As shown in FIG. 6, the female threads F's, o of the female thread 20 are
-, the standard height is set to 50, and the female thread F
! Shape the peaks of i and +t to the same height and make low mountain 1.
gFL, and the portion up to the female thread FS6-4 may be used as the intermediate thread portion 5I.

Each female thread crest of this intermediate ridge portion 51 is located on the diagonal line hI connecting the crest of the female thread FS7 and the female thread FS3.

Further, as shown in FIG. 7, each female thread F of the standard thread part 50 is
The intersection point XI of the line 50a connecting the female thread crests of S, o to FS, and the line 51a connecting the female thread crests of each of the female threads FS7 to FS4 of the intermediate ridge portion 51 has a center OP on the female thread 20 side. Tangent to a circle with radius RO 1. position on top, and
A line FLa connecting the tops of the female threads FS, ~FS, of the low mountain portion FL and each female thread FS, ~F of the intermediate mountain portion 51
The intersection point X2 with the line 51a connecting the female thread crests of S4 is the tangent t2 of a circle with radius R1 having the center Om on the male thread 20 side.
It may be positioned above.

At this time, a line connecting line 50a, line 51a, and line FLa is
The curve becomes a curve that gradually separates from the extension line 50b of the line 50a toward the female thread tip 20E.

In addition, in each of the above embodiments, the case where a tensile load is applied to the female thread has been explained, but in contrast, when a tensile load is applied to the thread, it goes without saying that the male thread may be formed as described above. It is.
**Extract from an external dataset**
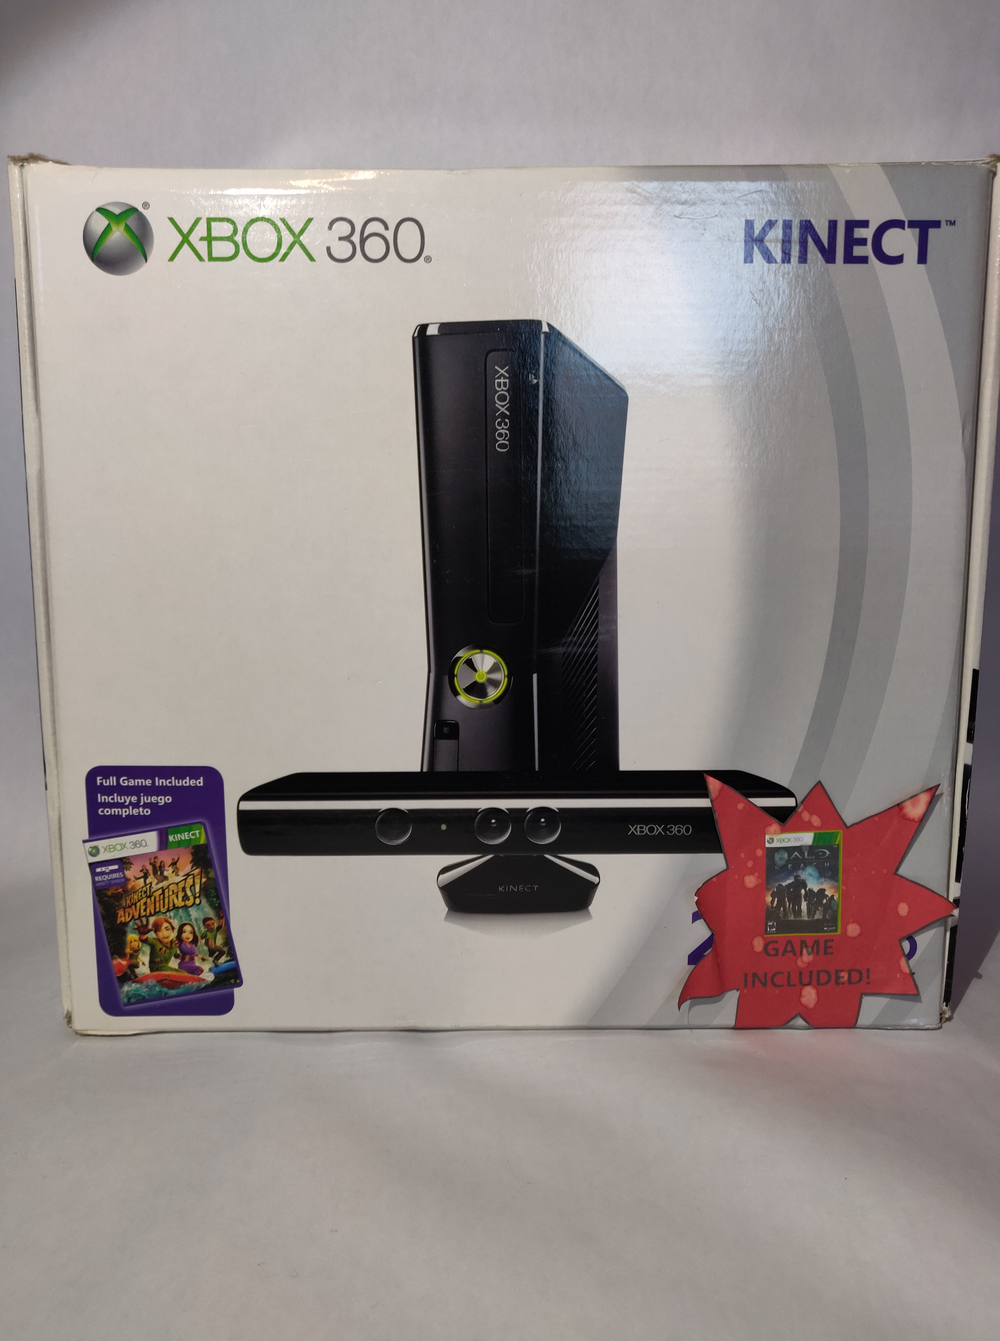 Xbox 360 with kinect (Halo reach included)

Effects of the Invention Since the stepped screw according to the present invention is configured as described above, how can each thread be divided? Since the f-force is averaged, the peak bending moment per unit generated at the thread root also becomes approximately equal.

This results in stepped screws with excellent fatigue properties.

[Brief explanation of the drawing]

1 to 7 are diagrams showing an embodiment of the present invention, FIG. 1 is an enlarged view of the main part of FIG. 2, FIG. 2 is a longitudinal sectional view of the accumulator, and FIGS. 3 and 5 to Figure 7 is an enlarged cross-sectional view showing an example of each of the five ponds, and corresponds to Figure 1. Figure 4 is a diagram showing the relationship between each thread root and the maximum bending moment per unit.
FIG. 8 is a longitudinal sectional view showing a conventional example. 19 ... Male thread 20 ... Male thread FW ... Contact area L ... Contact height Fig. 1

Claims (5)

[Claims] (1) In screws that are screwed together and are subjected to fluctuating loads, the screw on the side that receives the tensile load has a missing contact surface at the top of each thread at the end of the screw in order to reduce the peak bending moment per unit. A stepped screw with excellent fatigue properties, characterized by a contact height lower than that of other parts. (2) In screws that are screwed together and are subjected to fluctuating loads, the screw on the side that receives the tensile load has a low ridge portion and a middle ridge portion that are continuous from one end to the other in order to reduce the peak bending moment per unit. A stepped screw with excellent fatigue properties, characterized by having a standard crest and a standard ridge. (3) The stepped screw with excellent fatigue properties according to claim 2, wherein the contact height of the low ridge portion and the intermediate ridge portion is adjusted by cutting the top of the thread. (4) Fatigue characteristics according to claim 2, characterized in that the contact height of the threads of the low thread portion and the middle thread portion is adjusted by cutting the contact surface of the top portion of each thread. Excellent stepped screw. (5) Excellent fatigue properties according to claim 2, characterized in that the contact height of the screw thread in the middle thread part is lower than the contact height of the standard thread part and higher than the contact height of the low thread part. Stepped screw.